Other Literary Forms
John Millington Synge’s nondramatic works—autobiographical sketches, essays, reviews, and diaries—document the proposition that his dramatic career began with his response to William Butler Yeats’s advice to abandon Paris for Ireland’s remote regions. Synge’s observations of the lives of the country people of Aran, Connemara, Kerry, and Wicklow indicate that until he lived in these repositories of folk tradition, he had not found either theme or style. The diaries and essays from these visits report Synge’s compilation of dramatic incidents, details of local color, images, and turns of speech, and show an understanding of that way of life that encompassed its dialect, character, and fatalism.

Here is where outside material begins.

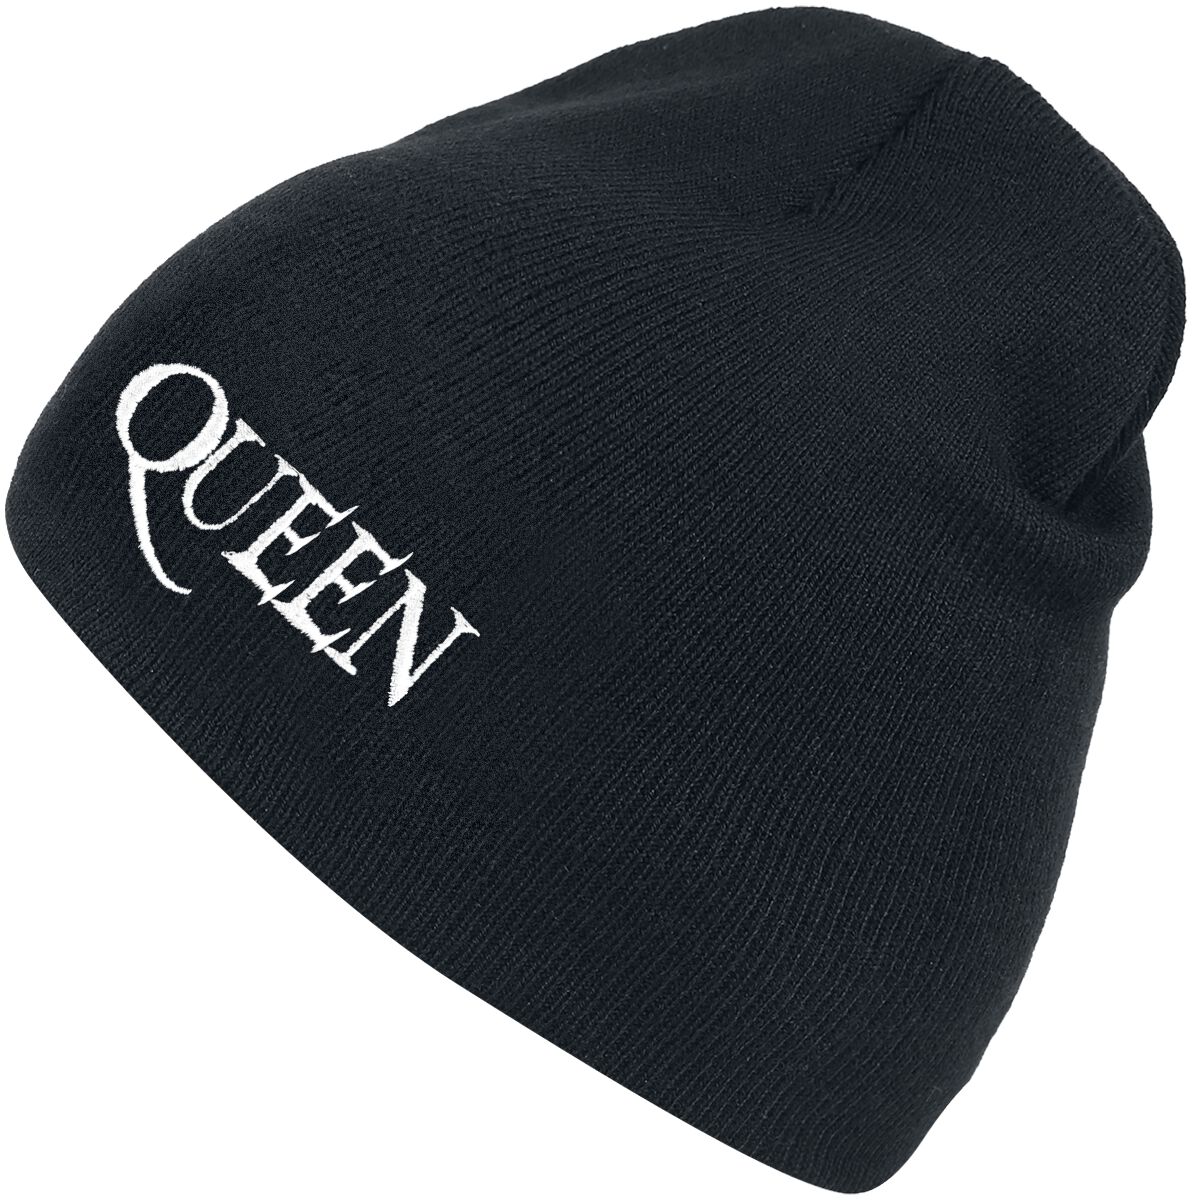 Queen Logo Mütze schwarz

Although these accounts show an acute eye for the dramatic, they have less-than-scientific reliability, permeated as they are with Synge’s nature mysticism, his brooding remove from social engagement, and his lack of sympathy with the religious traditions of the people. Synge’s direct, precise prose is chiefly valuable as a record of the sources for his plays and of his developing creative consciousness.

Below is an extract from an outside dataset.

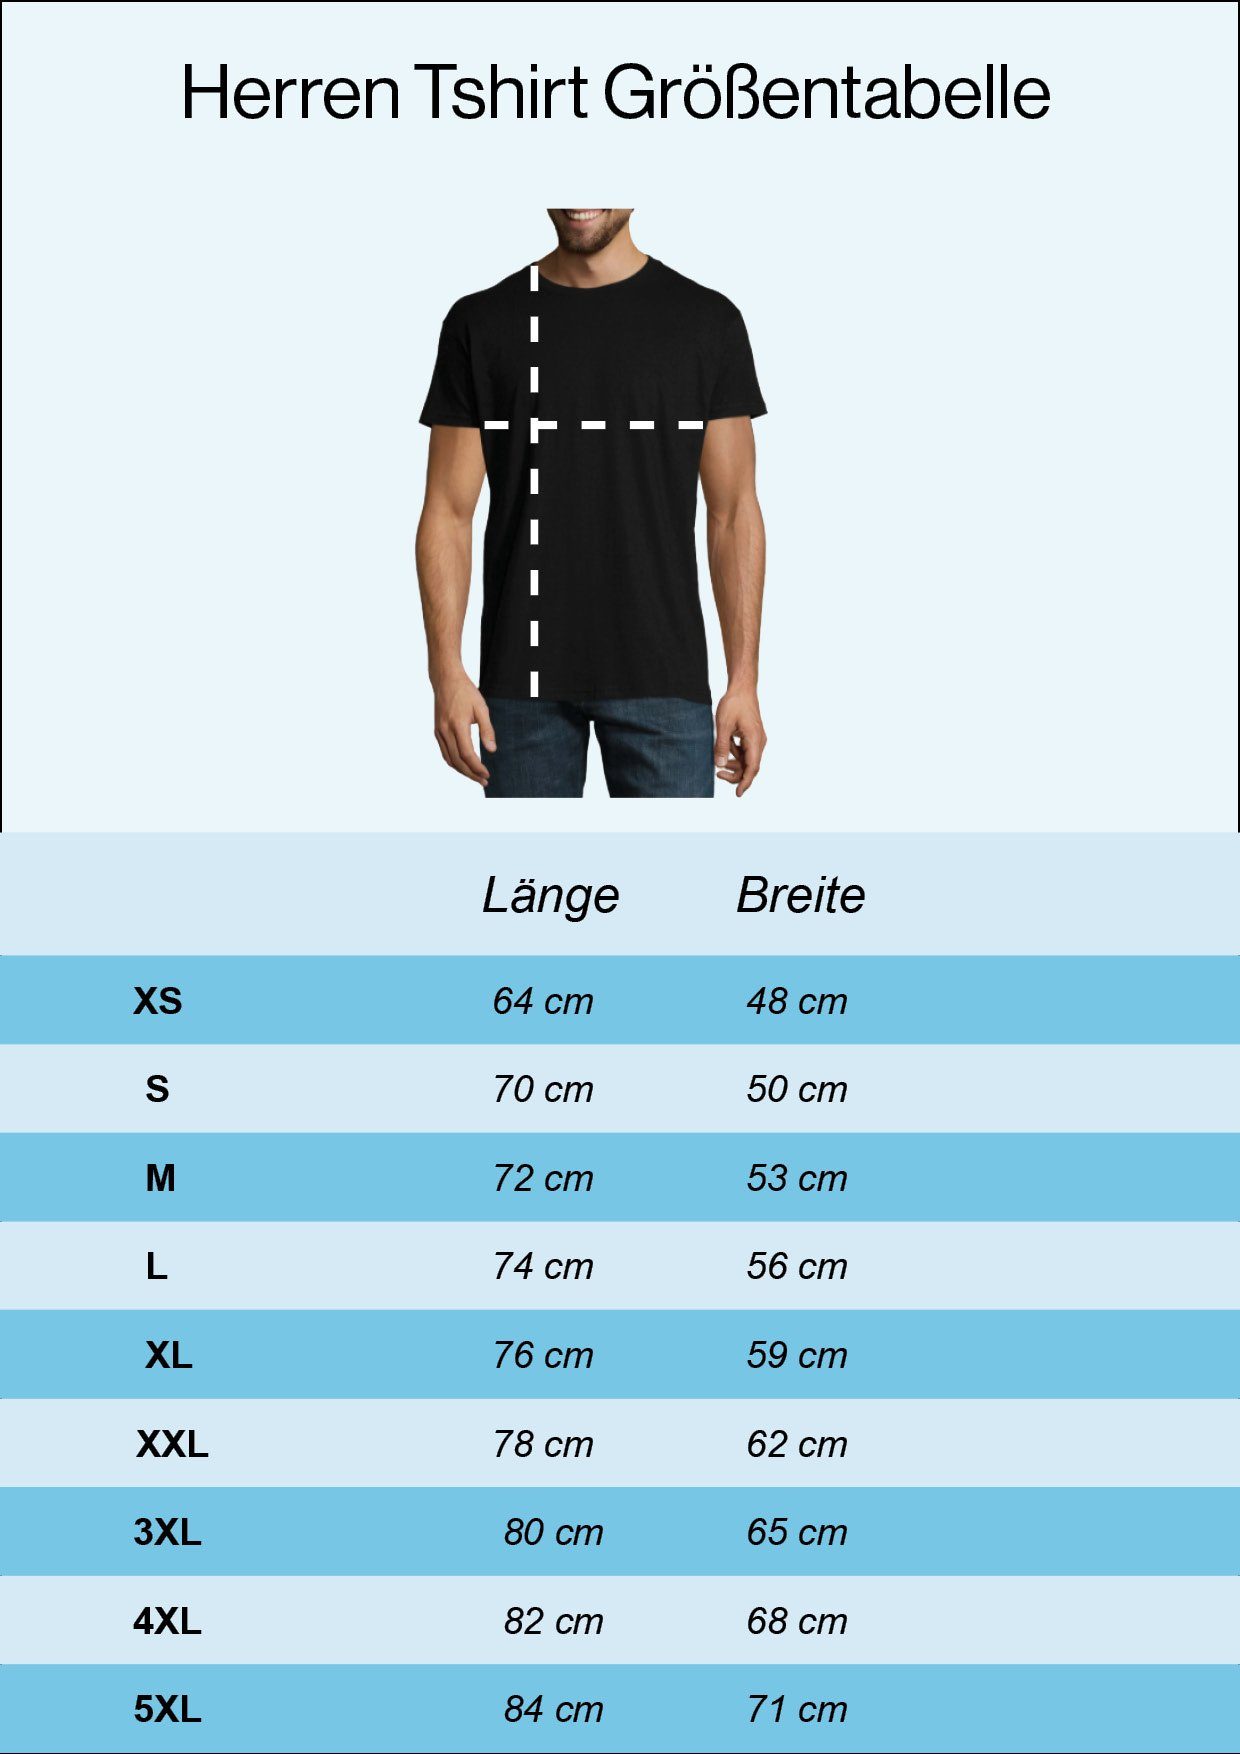 Shirt Herren mit Designz Frontprint trendigem Britain Navyblau England T-Shirt Youth

With a few exceptions—“In Kerry,” “Queens,” and “Danny”—Synge’s poetry merits the same judgment. Ironic, romantic, and morbid, it is rich with Celtic and folk reference. It also shows, however, the influence of various European poets— François Villon, Giacomo Leopardi, Petrarch—whose works Synge translated. There is some evidence that Synge’s direct idiom contributed to Yeats’s abandonment of romantic idealism after 1902.
Synge’s photographs (My Wallet of Photographs, 1971) are valuable documents of turn-of-the-century life on the Irish seaboard. His Letters to Molly (1971) and Some Letters of John M. Synge to Lady Gregory and W. B. Yeats (1971) are equally valuable in coming to an appreciation of Synge’s personal and business struggles in his final and more creative years.